The task
Beginning with the line containing "Handstand princess adults" and ending at the last line of the data, set down every line exactly, leaving out all pictures.
──────── Exercise data
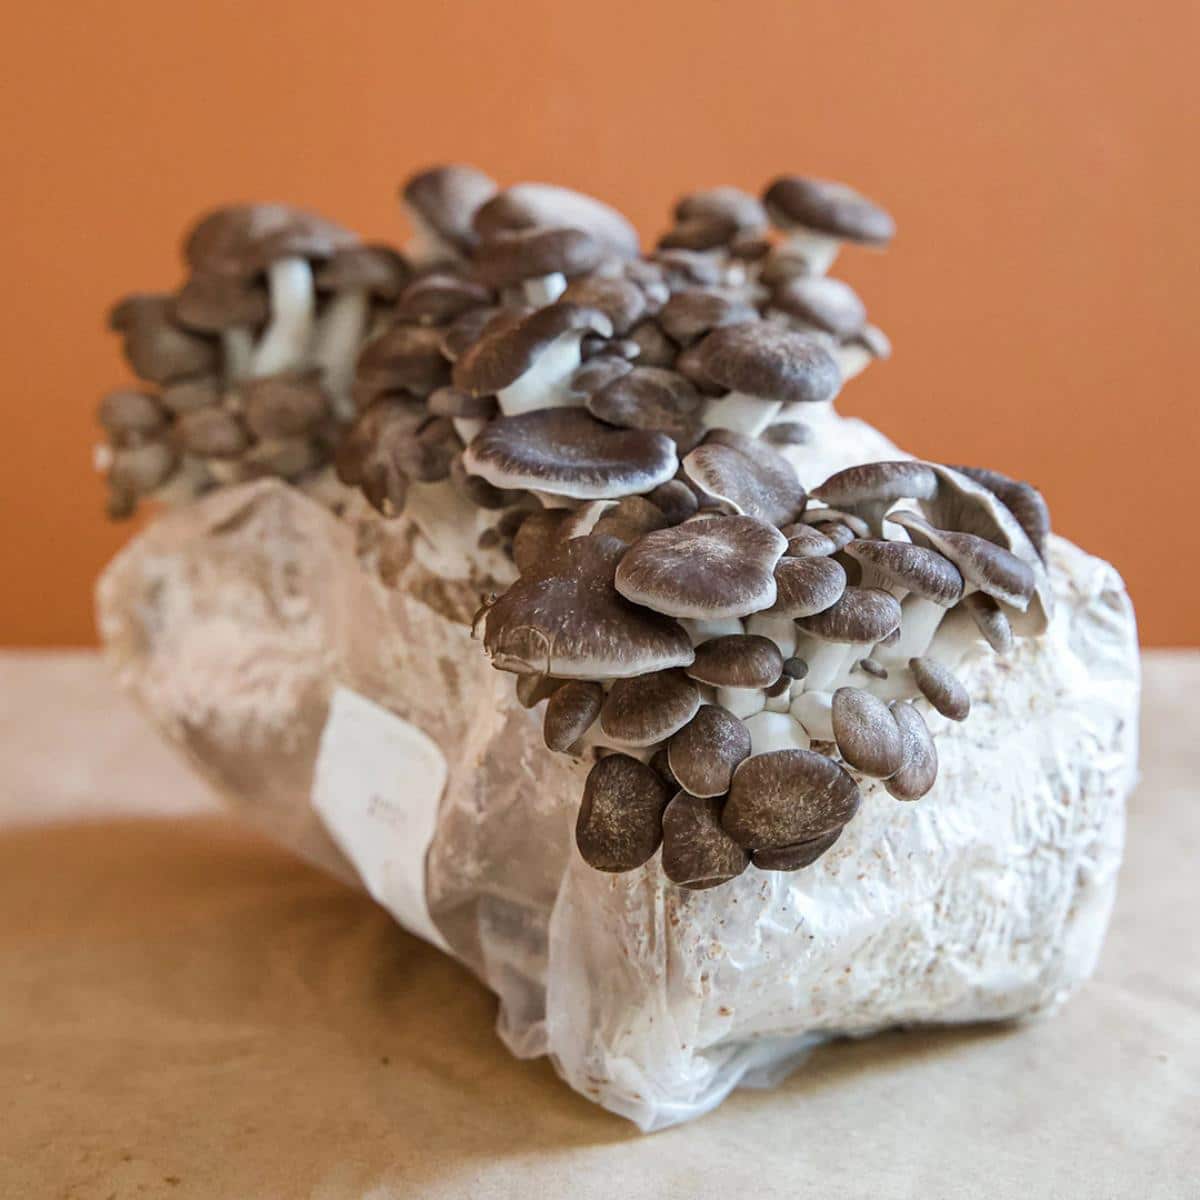 Cascadia Farms Oyster Mushroom kit
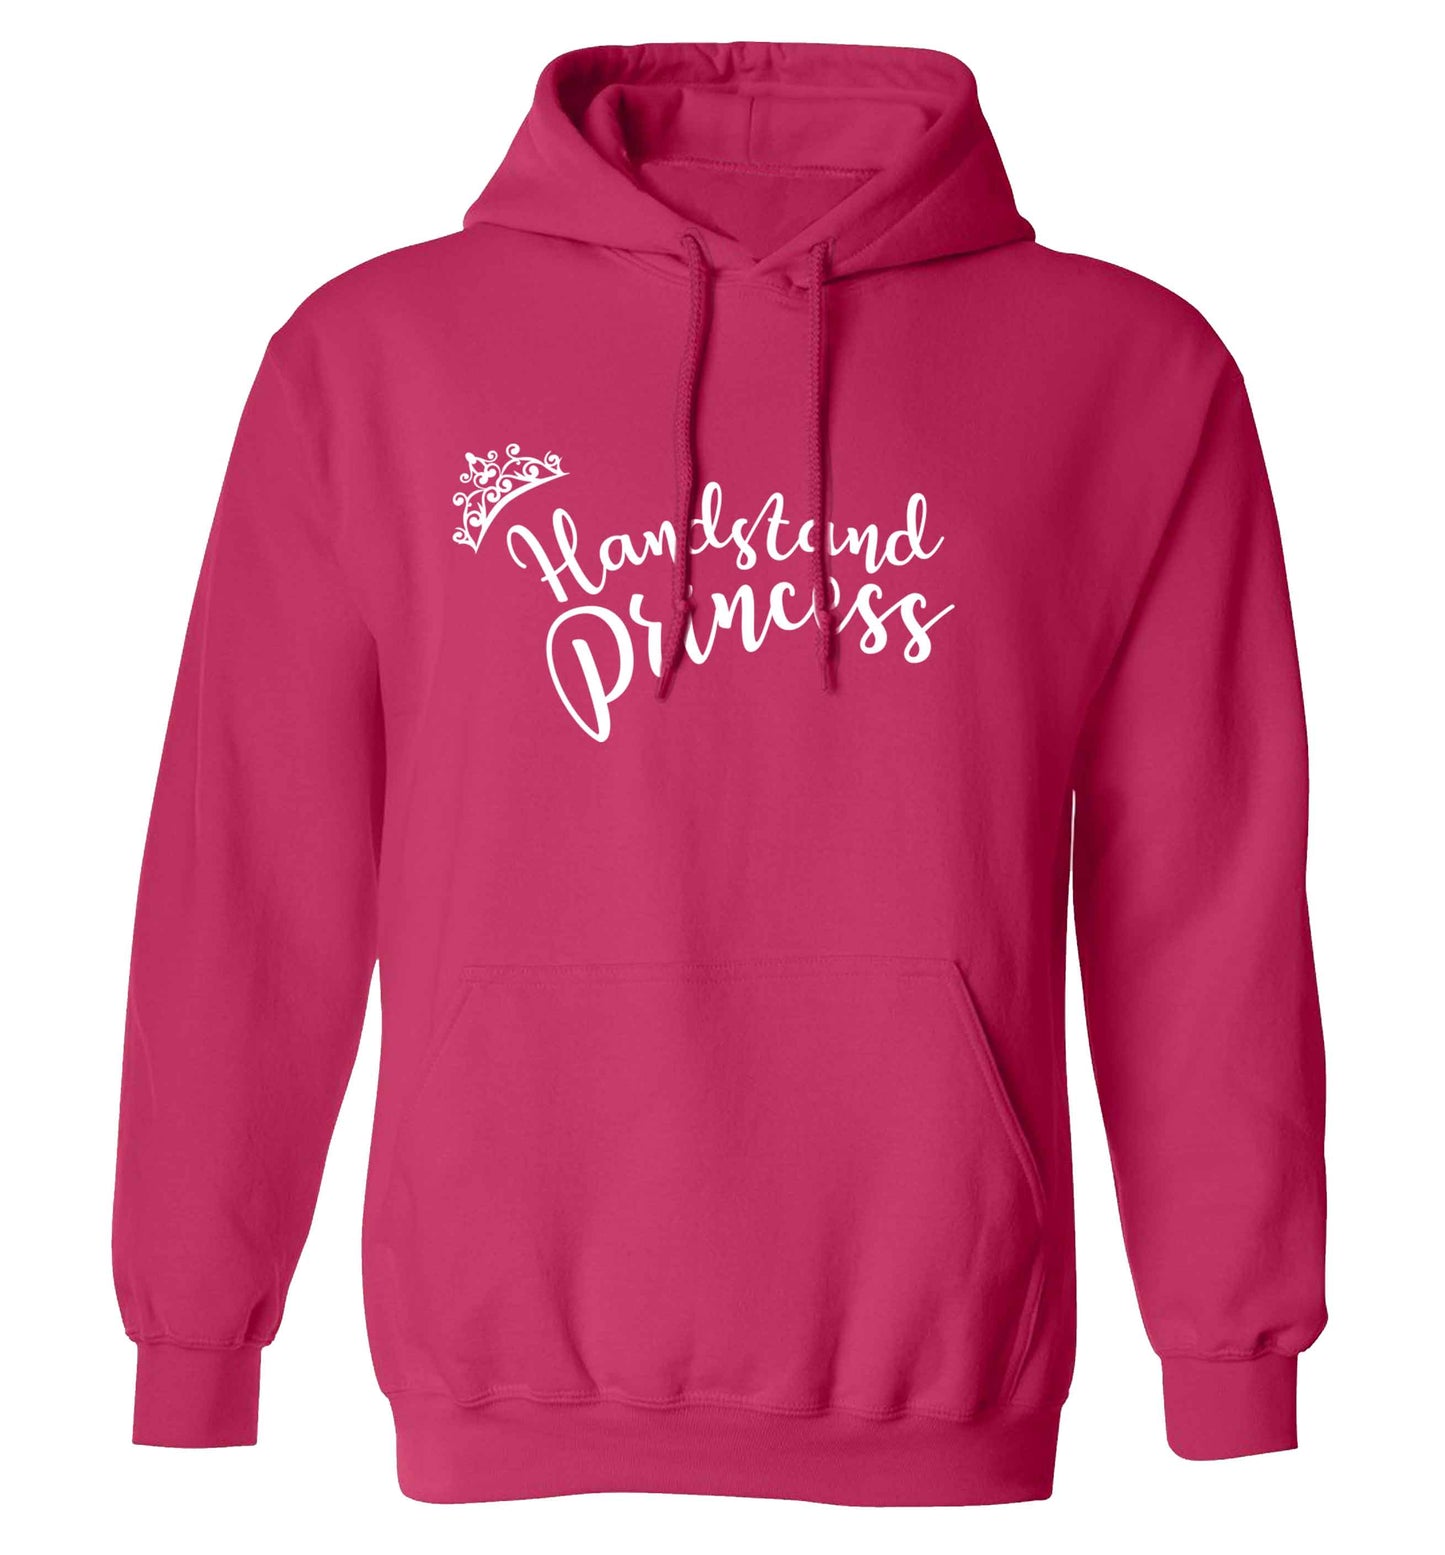 Handstand princess adults unisex pink hoodie 2XL
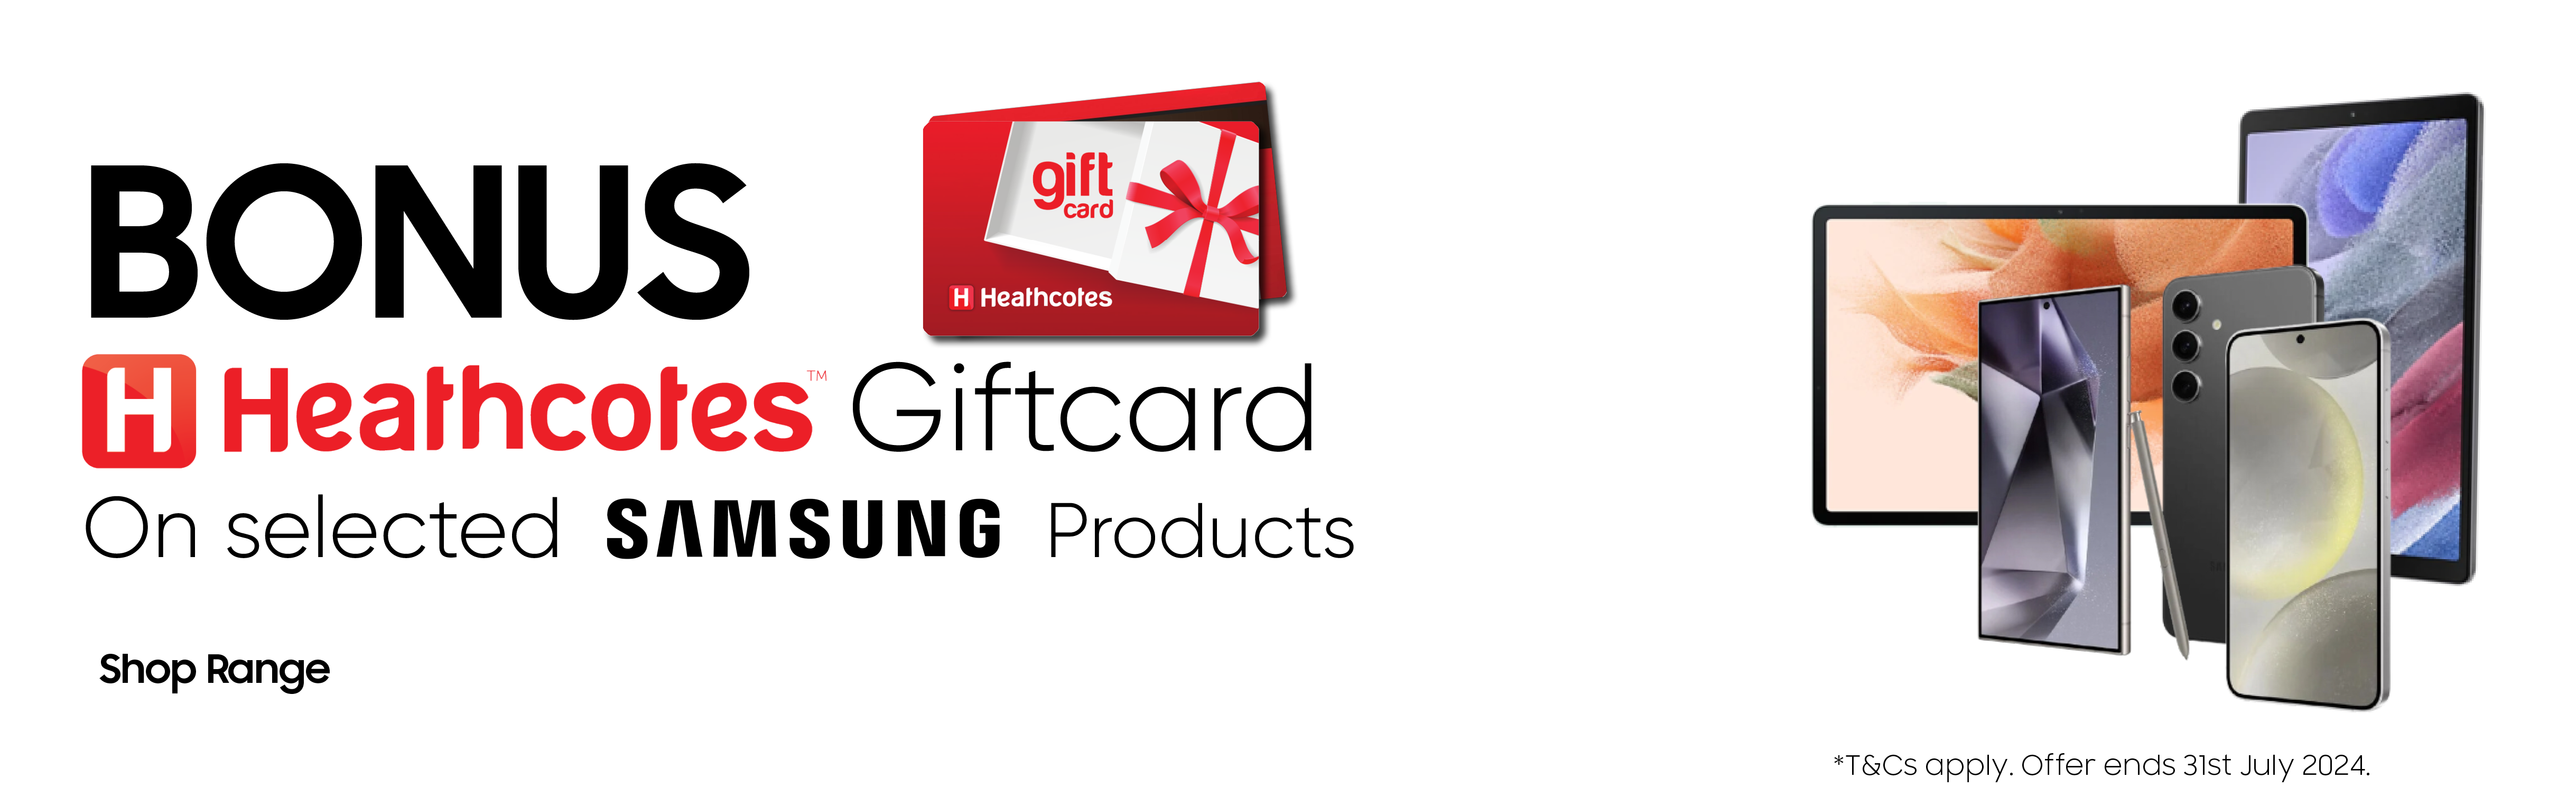 Samsung phone july bonus gift card promotion   headers2
────────────────
Completed task
 Handstand princess adults unisex pink hoodie 2XL
 Samsung phone july bonus gift card promotion   headers2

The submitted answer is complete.